Meagan’s letter of yesterday is fascinating. All of her philosophies are so different! It is nearly as bewildering as the first time I read Pierre. Questions have been running intermittently through my brain ever since.

Upon consideration I have decided to write my little tirade as I had planned – but to send it only to a few folks: Lazlo, Carl, Tony, Andrew. Then we shall speak further in November.

November. Brrr! Why the sudden shiver of dread?

So: all these people to meet, and what to ask?

Ceryous and Rachael: Everything. They are unplumbed. Impressions of Pierre and the Old Guard; anecdotes; threats and promises; everything. A certain old book about the Island. These two go back a ways and have been in the thick of it. Be careful. Try not to tread on too many toes – there must be scars.

Newhaven: Examine. Documents? Talk to “Straight”; though if he is as tough to talk to as I hear Bent is, that may be no easy task. History.

Gravemaster: Everything. The man fascinates. Talk to him about Eisly. About his own history and condition. About my ideas of how to deal with the Island. Mustn’t forget fruit!

Meagan: Wedding stuff and philosophy. Dangers of someone identifying Julian; of assembling us in this public place; and how all this might affect the THREE of us. Wedding gift?

King: Jobs. The Fight. Khorri. Columbo. The Disease. Arimius and Avila. Cairo. Riswold.

Alexandria: Allertons. Knorri. Gatherings. Hope. NJ?

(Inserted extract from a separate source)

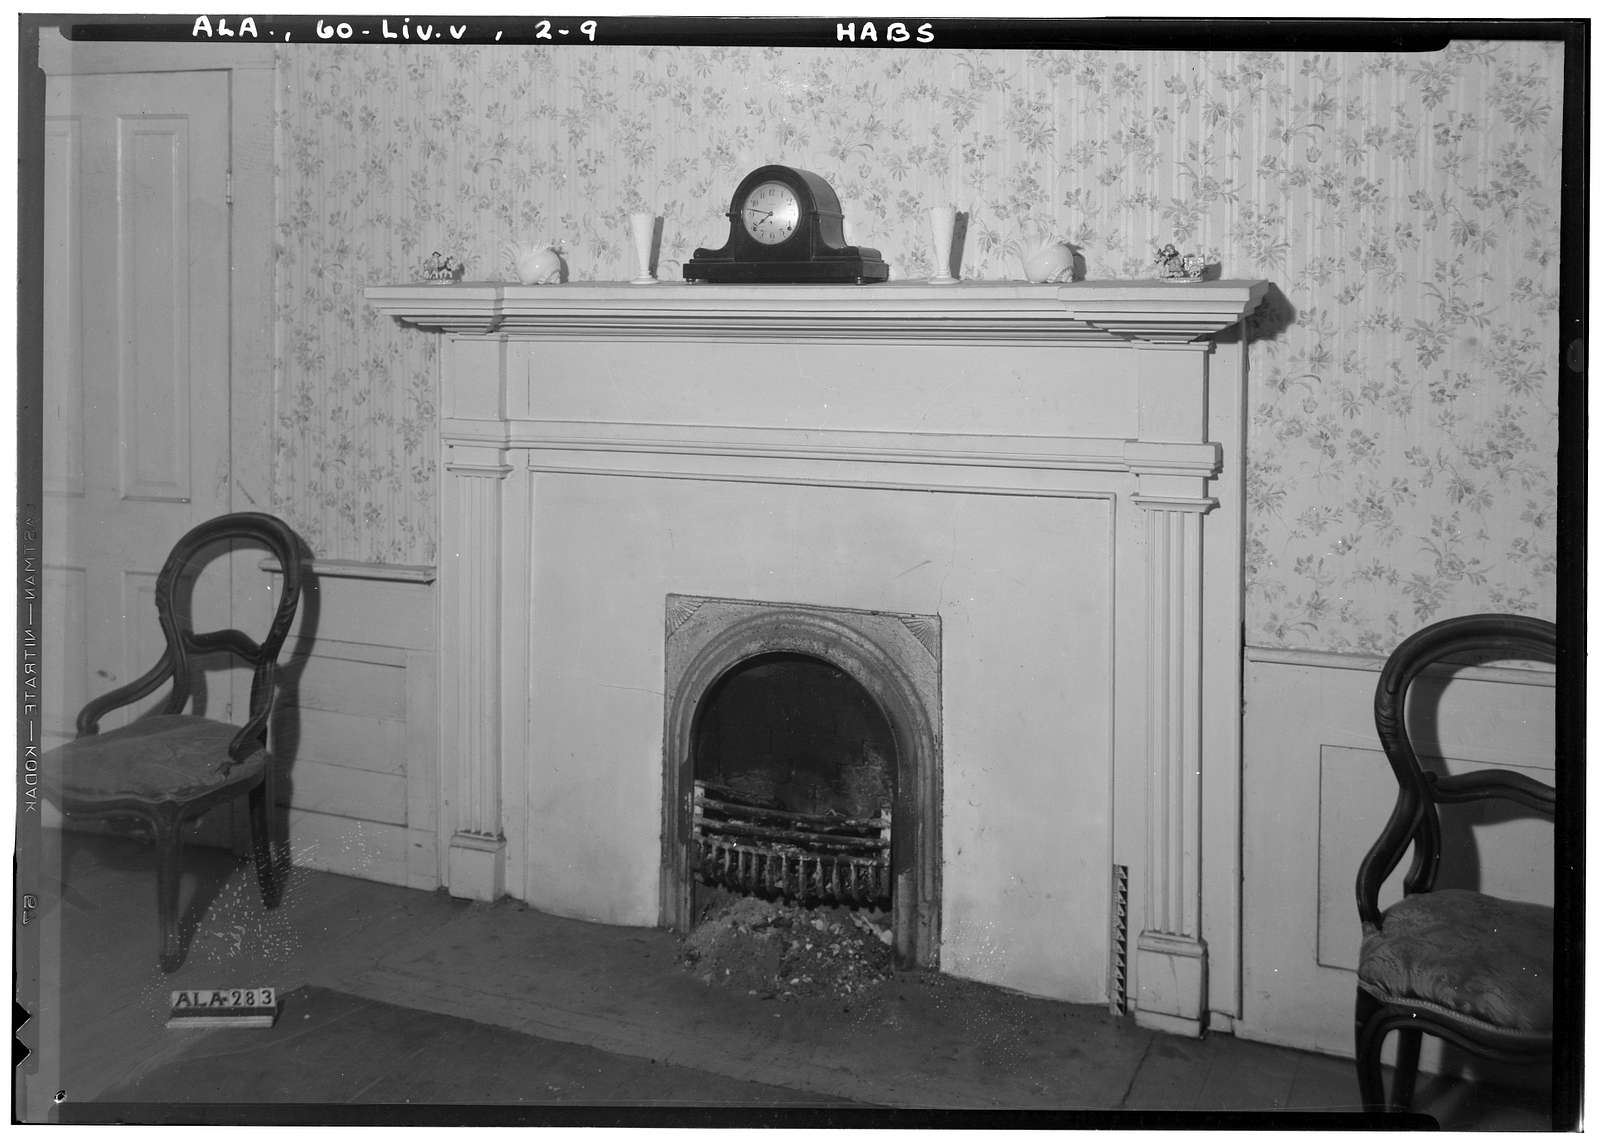 John H. Sherard House, State Road 28, Livingston, Sumter County, AL

Colbert: Memories? Attitudes? What he fought? His son?

Lucius: Willow, China, FoxLady. Singing Chimes. The Island. Unity. Nature, his own Goddess. Wettsprings. The Earth soul. Pierre. More anecdotes.

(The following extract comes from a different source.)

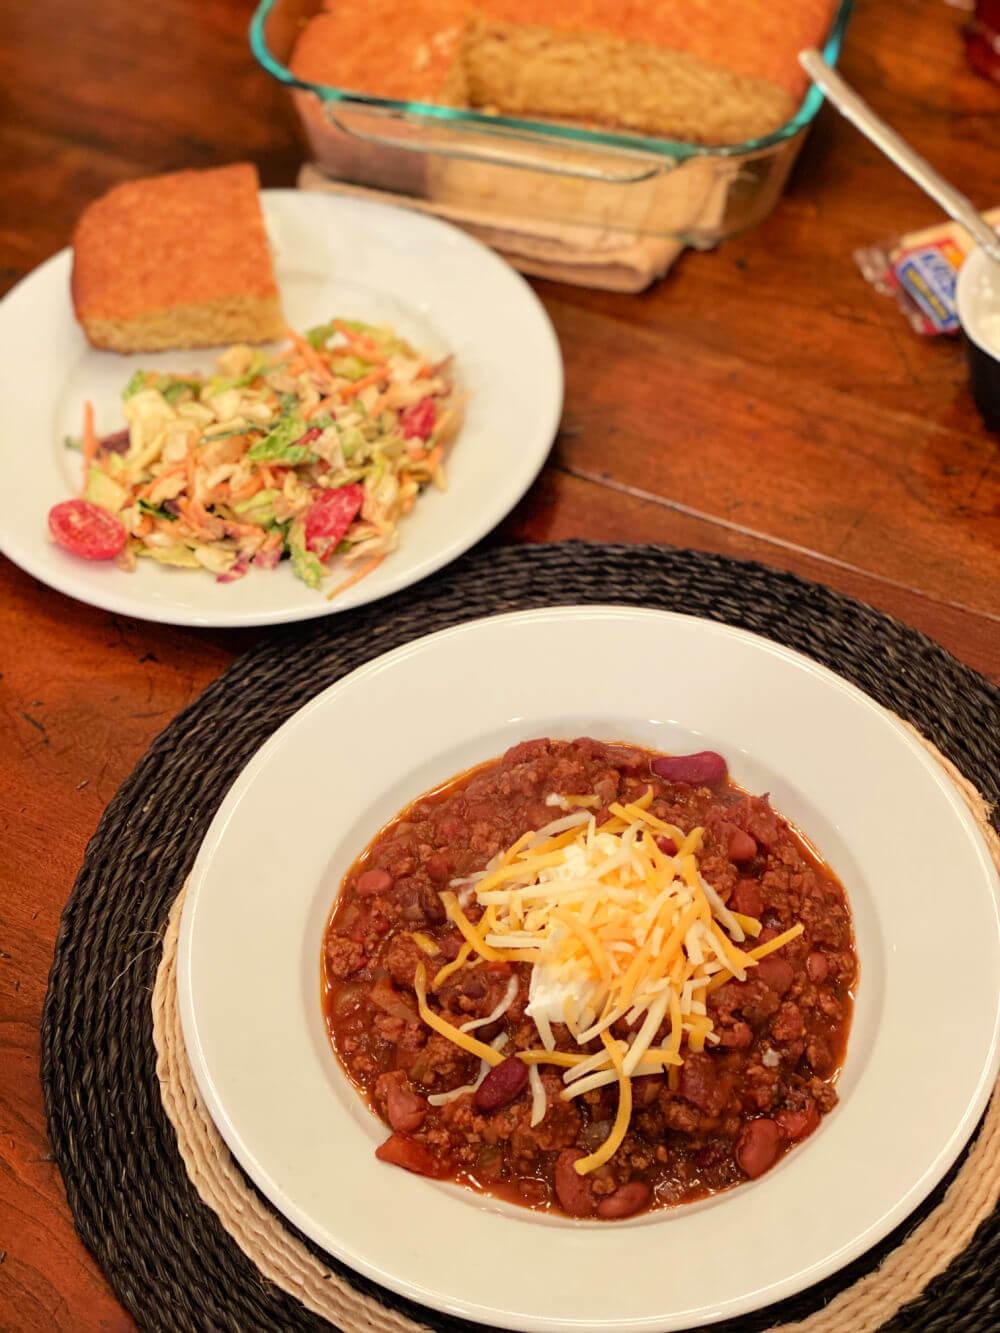 chili, chopped salad and cornbread

Lisel: Pierre again. The Old Guard, the good days and the bad. Gatherings. DeGaspard. Riswold. 1884. THERE?

Miriam: Gossip, mostly. Depends on SG’s statements.

TMF: Properties, resources, safe boxes, etc. Riswold?

ZVH: Light. Power. Pierre. Theo. Knorri. Unity. Eisly.

So much to say and to do! I have written to most of these, requesting interview. Now we merely wait for replies.

Monday, 3 September 1928; 11:00 AM

Labor Day. A day of rest? No! A long workday, as the name implies; at least for me. I swore I would finish these sets of amulets by now; and I still have eight to go. About ten hours’ work, I expect. Sigh.

I sent Meagan her next installment on Saturday before Maddy arrived. Important letter – though necessarily incomplete. I am eager to see what you say to that one, my little witch!

Tomorrow Adam and I shall begin the cat and plant feeders. The tanks and planks are all stacked up around the back, waiting. Before we go I must also make some modifications to the weapons here, so that I may come back and feed the cat or water the plants through the Portal when it is available. Simple enough to do …

It was nice to see Maddy again, although I fear all of my grim news rather put a damper on some of the pleasure. She is well; she is happy, more or less; though her exercises proceed only slowly. Maddy wants to be a healer. Well, we certainly could use a few just now!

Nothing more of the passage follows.